=== ASSIGNED TASK ===
In the copy, keep every line below as it is and leave out the pictures.

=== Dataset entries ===
________________

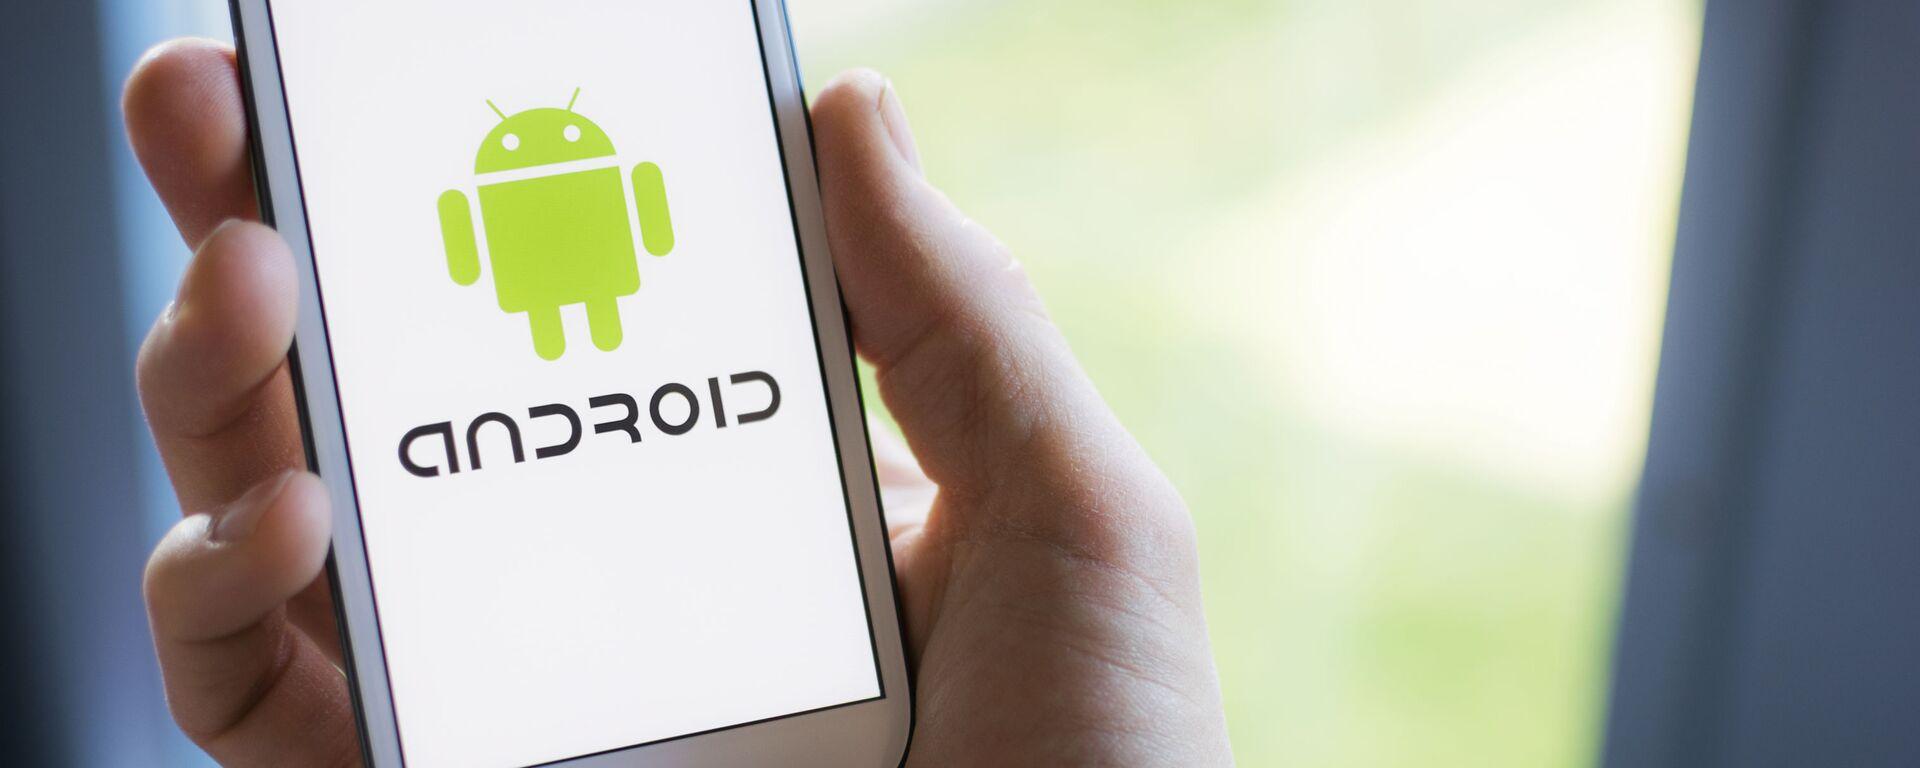 Un cellulare Samsung con il logo di Android sullo schermo - Sputnik Italia, 1920, 23.05.2021
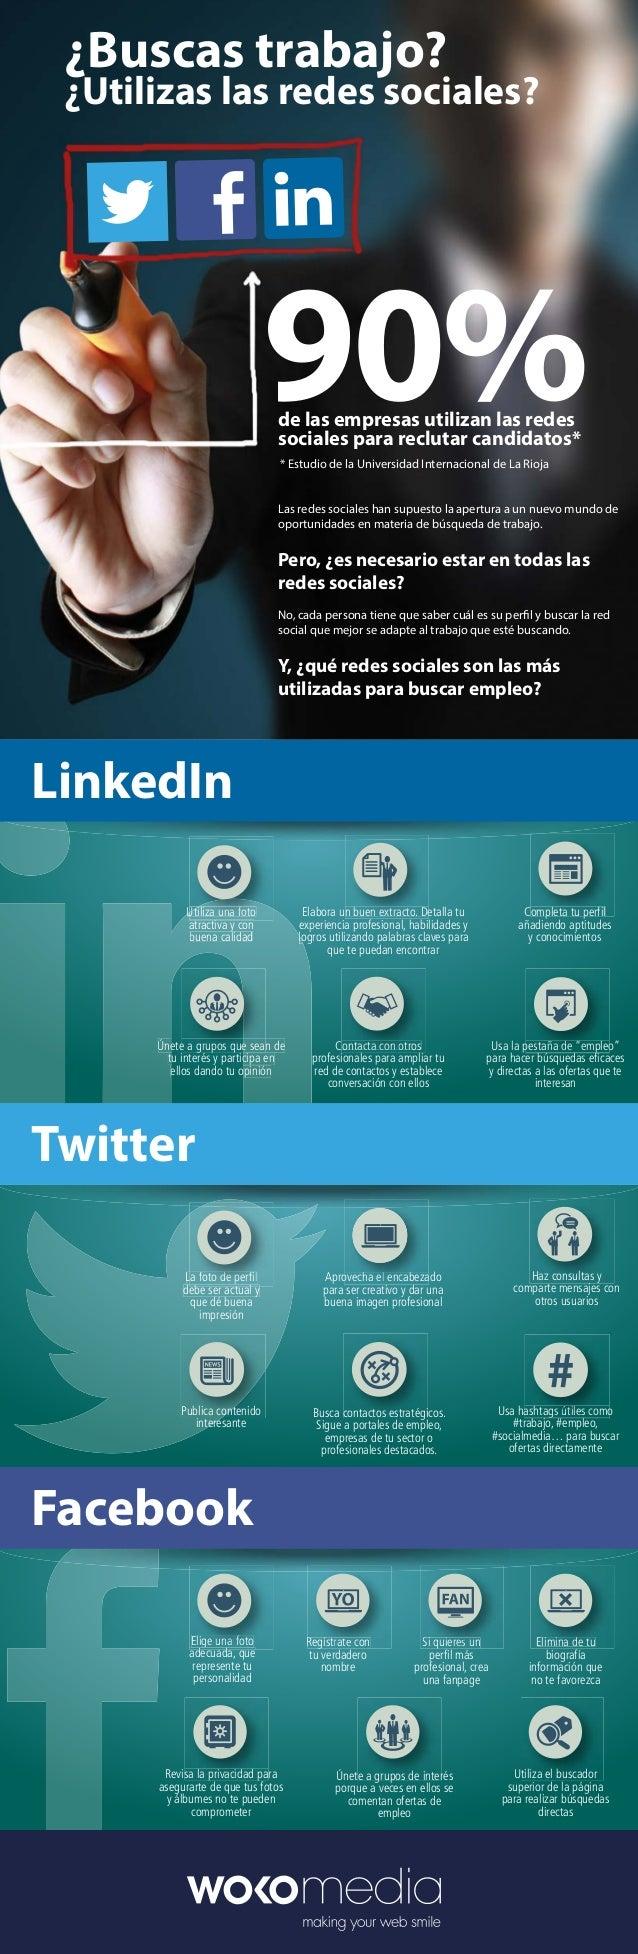 ¿Cómo buscar empleo en las redes sociales?
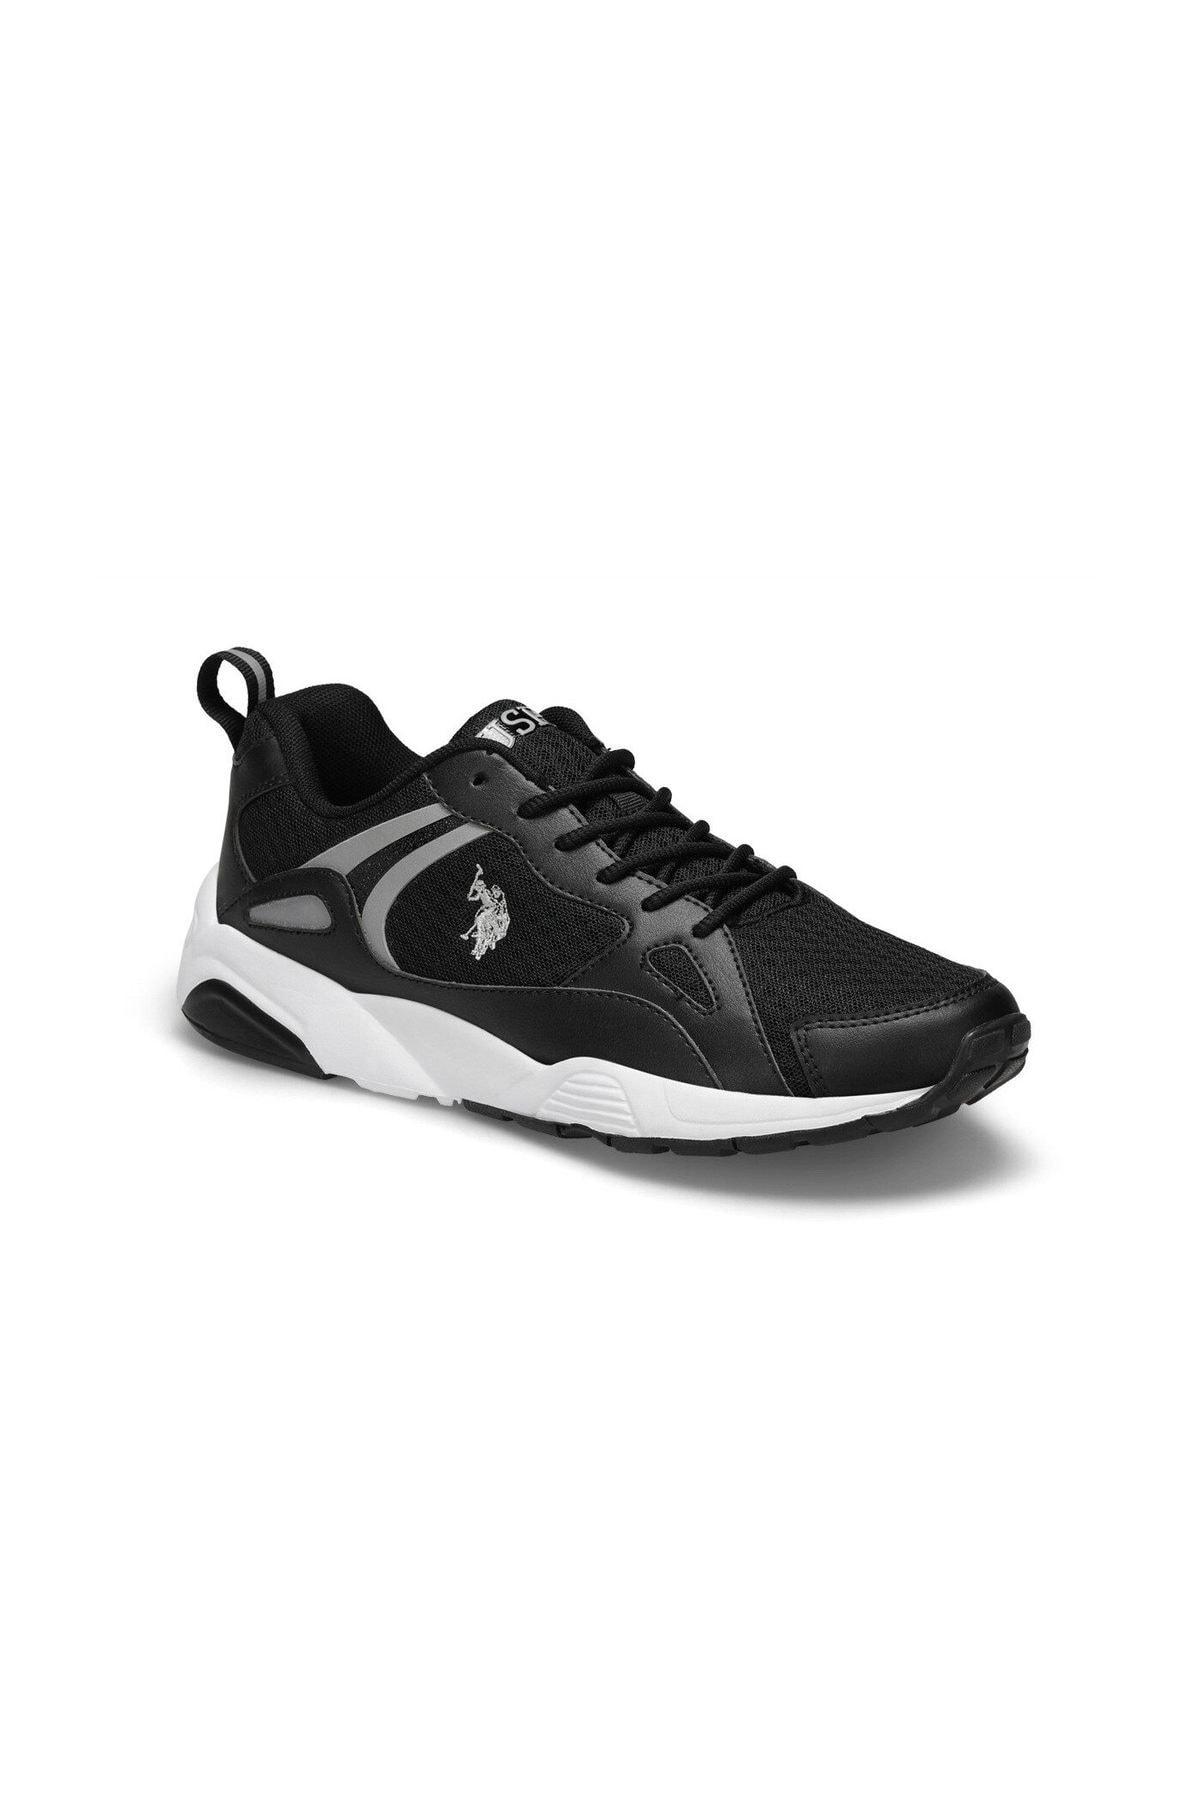 U.S. Polo Assn. BERLINGO Siyah Erkek Sneaker Ayakkabı 100489325 1
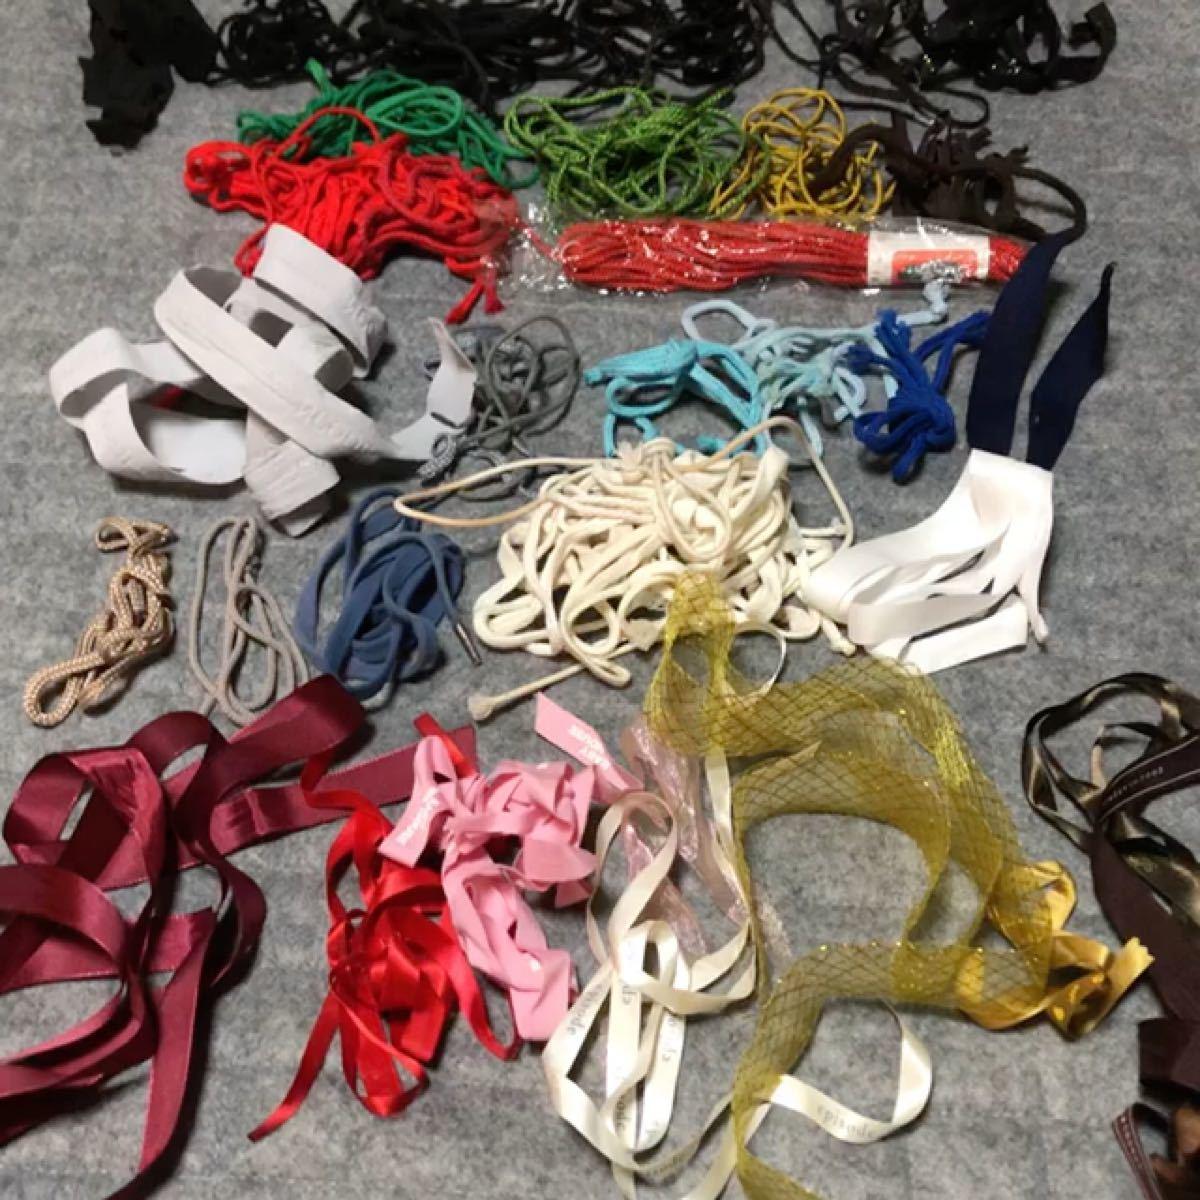 紐、リボン、毛糸、靴紐、腰紐 色々  手芸用品
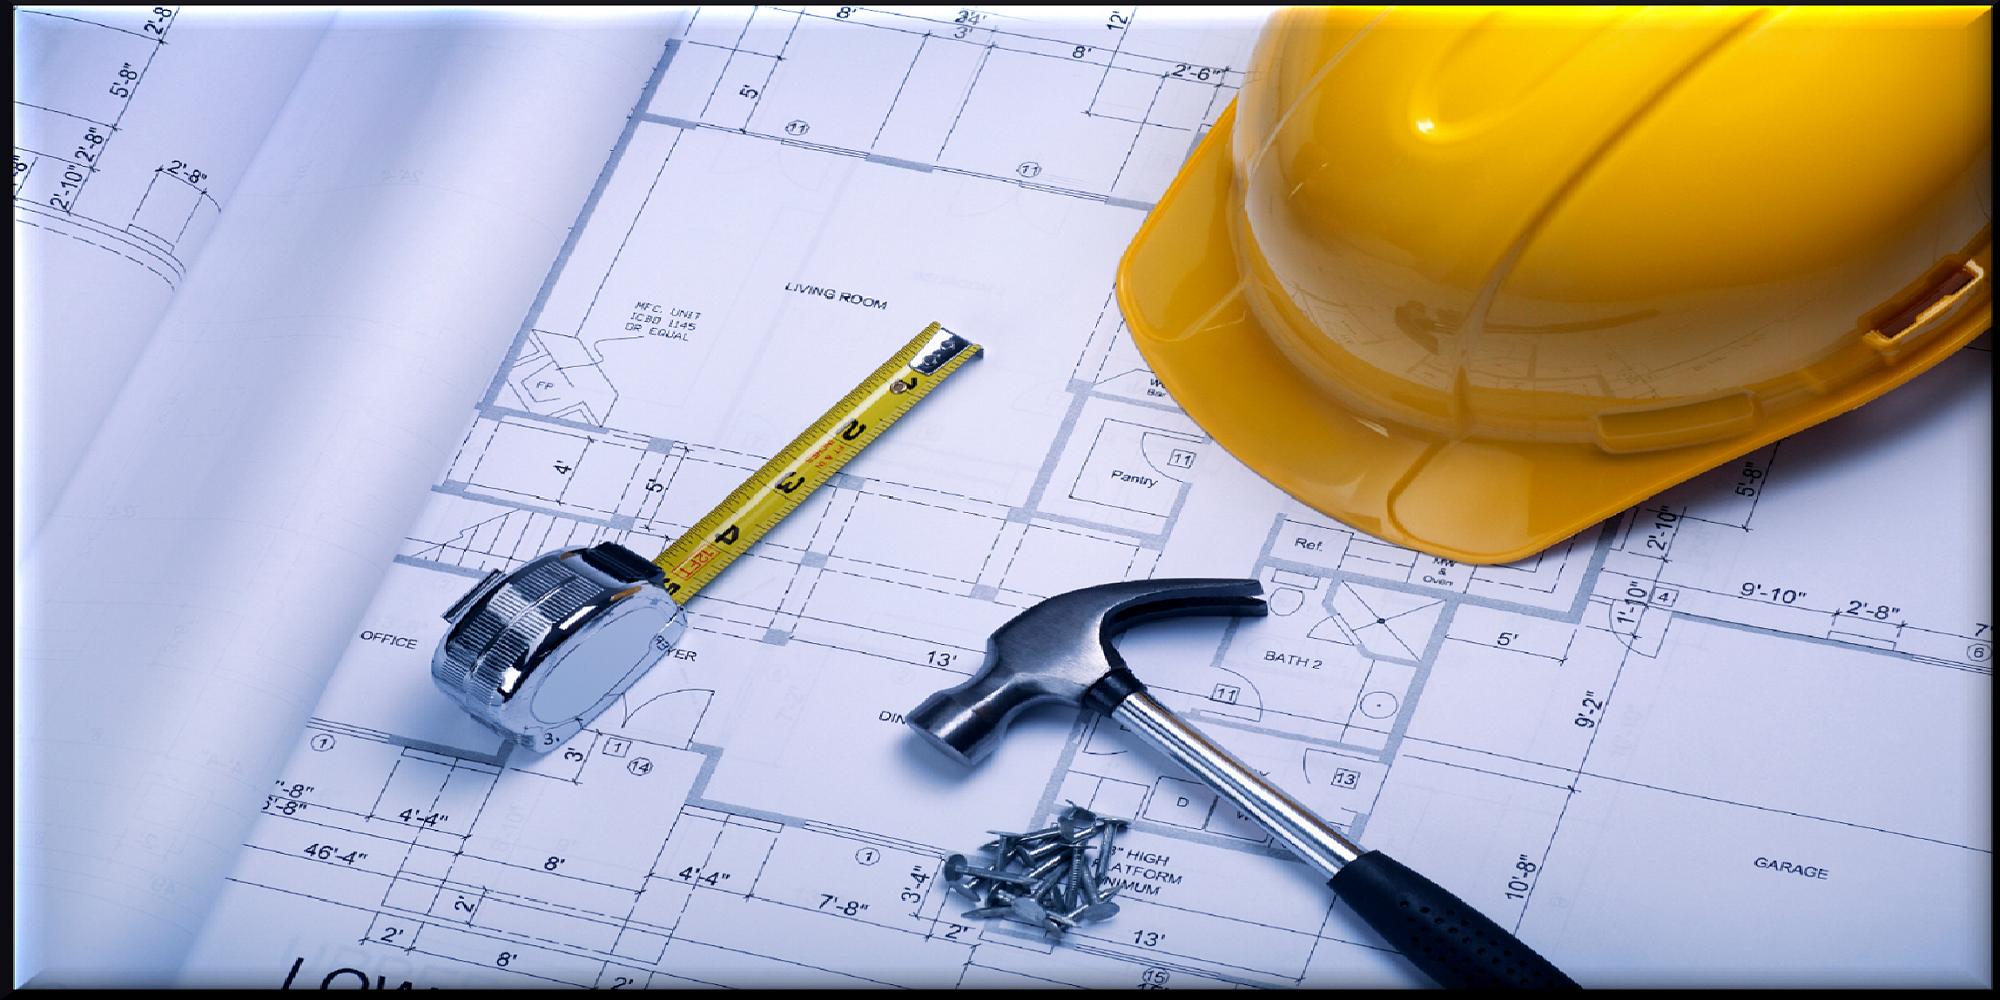 <head> <h2>Dobrodošli na naši spletni strani</h2><p>Smo gradbeno podjetje s 25-letnimi izkušnjami na področju gradnje in obnove.  Naše podjetje Vam nudi celostno rešitev pri novogradnjah, adaptacijah hiš, stanovanj in poslovnih prostorov ter zunanjo ureditev le-teh.</p><a title='Read more' href='#'>Preberi več</a></head>

________________

=== ANSWER SECTION ===
 Un cellulare Samsung con il logo di Android sullo schermo - Sputnik Italia, 1920, 23.05.2021
 ¿Cómo buscar empleo en las redes sociales?
 U.S. Polo Assn. BERLINGO Siyah Erkek Sneaker Ayakkabı 100489325 1
 紐、リボン、毛糸、靴紐、腰紐 色々  手芸用品
 <head> <h2>Dobrodošli na naši spletni strani</h2><p>Smo gradbeno podjetje s 25-letnimi izkušnjami na področju gradnje in obnove.  Naše podjetje Vam nudi celostno rešitev pri novogradnjah, adaptacijah hiš, stanovanj in poslovnih prostorov ter zunanjo ureditev le-teh.</p><a title='Read more' href='#'>Preberi več</a></head>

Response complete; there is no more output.